# Installer won't create freebsd-boot, no bootable system.



## Cityscape (Apr 5, 2017)

So I have installed FreeBSD a few times now, and it goes fine except I don't have a bootable system at the end. I get a grub error. I was previously using Linux (but those partitions were deleted to make room for FreeBSD.

During the installation I was never able to create a freebsd-boot partition like the handbook mentions. It gave me an "invalid arguement" error. Which I cannot figure out for the life of me since the handbook shows a freebsd-boot partition! The guided partitioner didn't show it was going to create one either.
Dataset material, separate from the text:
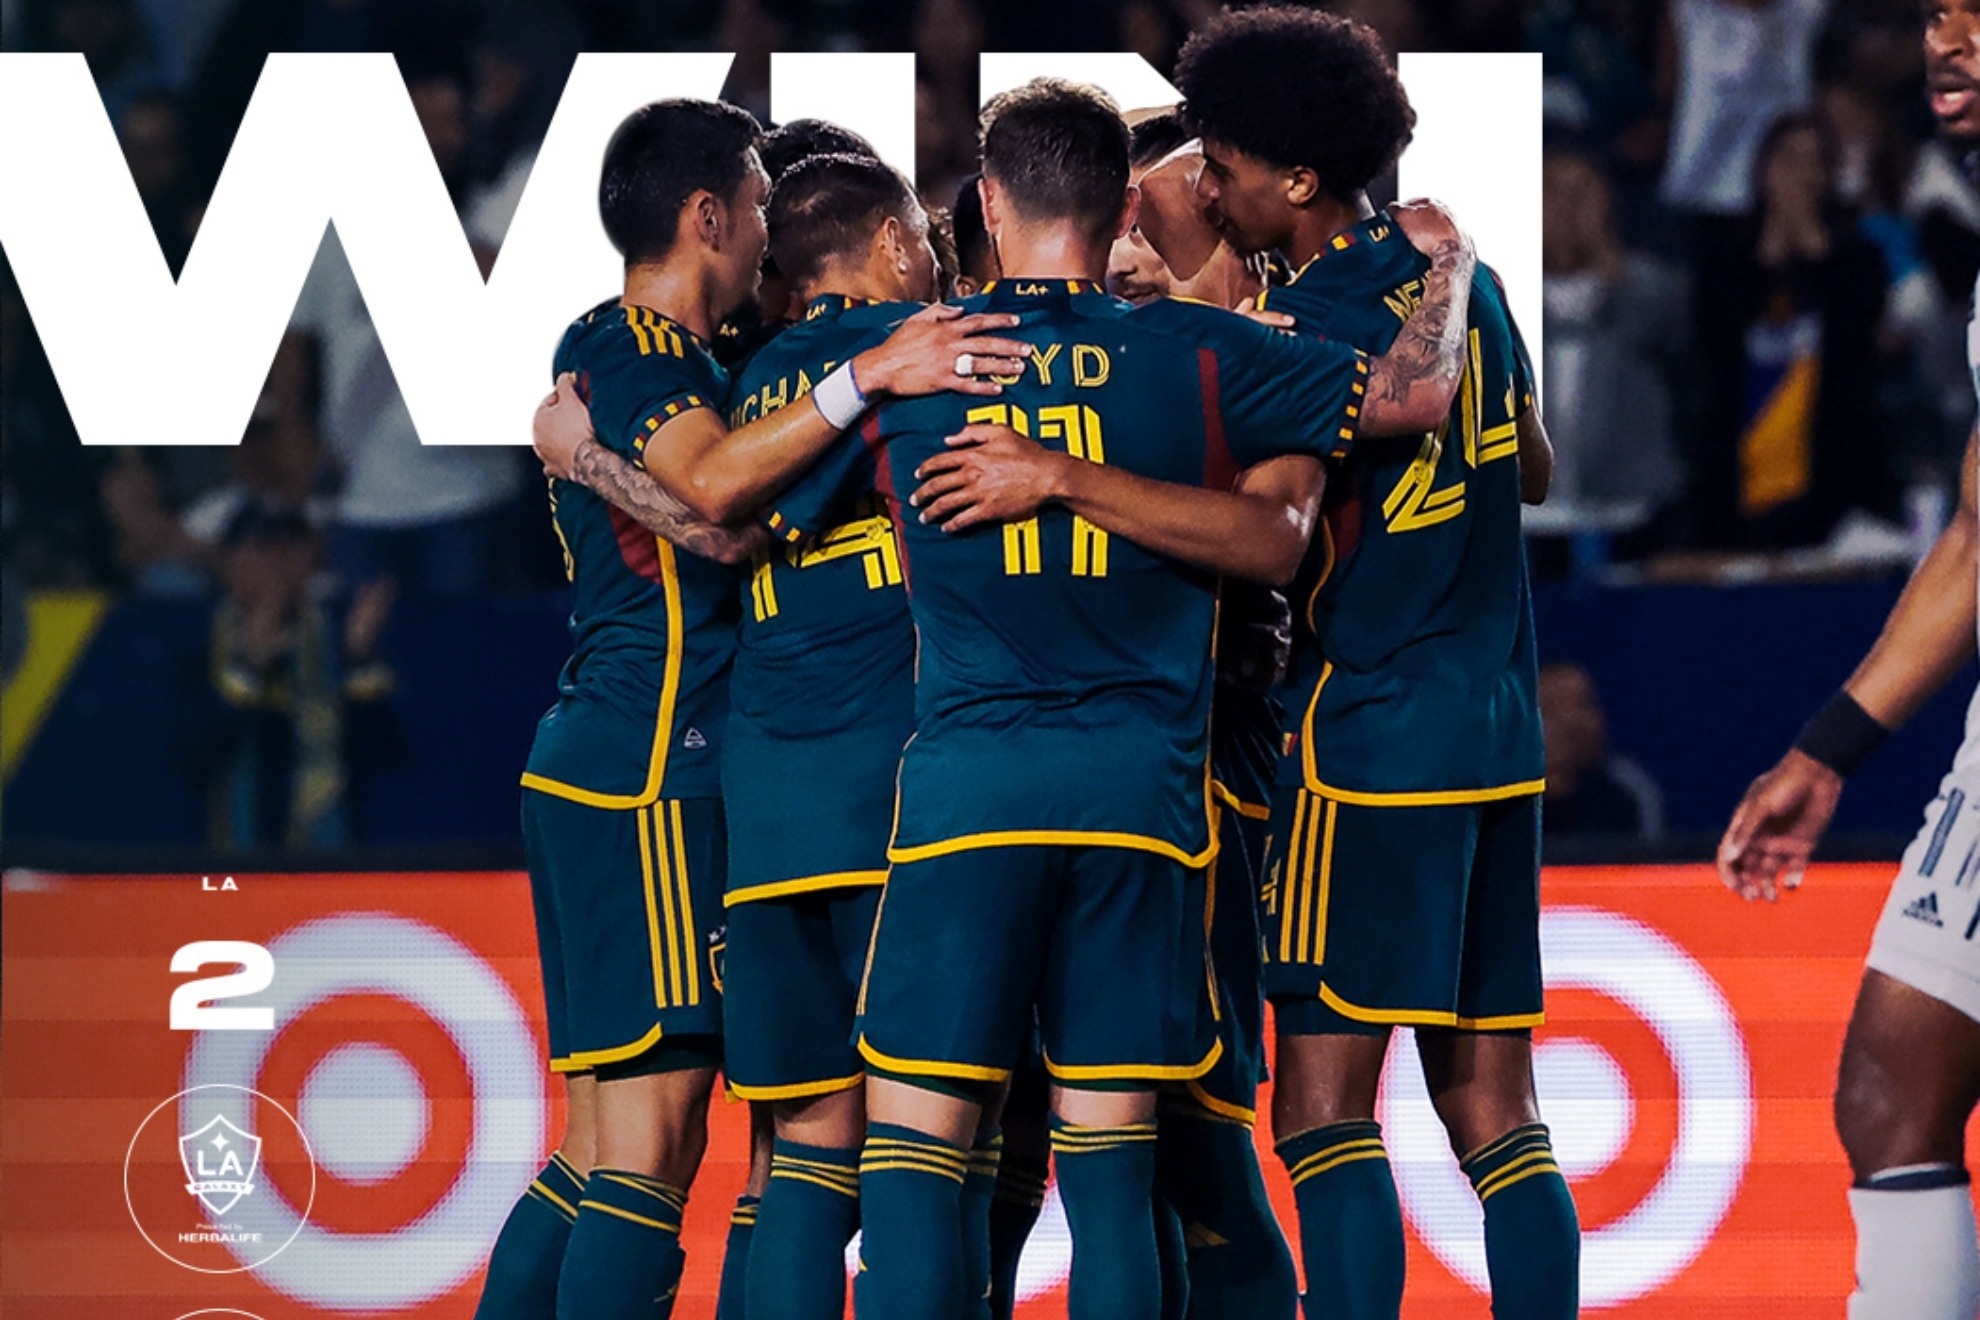 LA Galaxy climb out of Western Conference's basement with a second win of the season, now over San Jose

So next time I tried creating another freebsd-ufs partition and mounting it to /boot. It did let me do that but still no bootable system.


----------



## Phishfry (Apr 5, 2017)

I suggest you zero the disk from the shell when you boot up the FreeBSD installer. Pick the shell instead of install.
`dd if=/dev/zero of=/dev/ada0 bs=64k`
Then reboot. This should get rid of grub.
Then when you install, during the disk phase, use the Auto disk setting and hit OK.
It takes care of disk partitions for you. No need to create anything.
Just use Auto disk config. EFI and MBR might be slightly different installs.
Installer handles that.


----------



## Cityscape (Apr 5, 2017)

Phishfry said:


> I suggest you zero the disk from the shell when you boot up the FreeBSD installer. Pick the shell instead of install.
> `dd if=/dev/zero of=/dev/ada0 bs=64k`
> Then reboot. This should get rid of grub.
> Then when you install, during the disk phase, use the Auto disk setting and hit OK.
> ...


I'd rather not zero the disk. Because I have Windows 10 that I'd rather not get rid of. I just want to install FreeBSD alongside Windows.


----------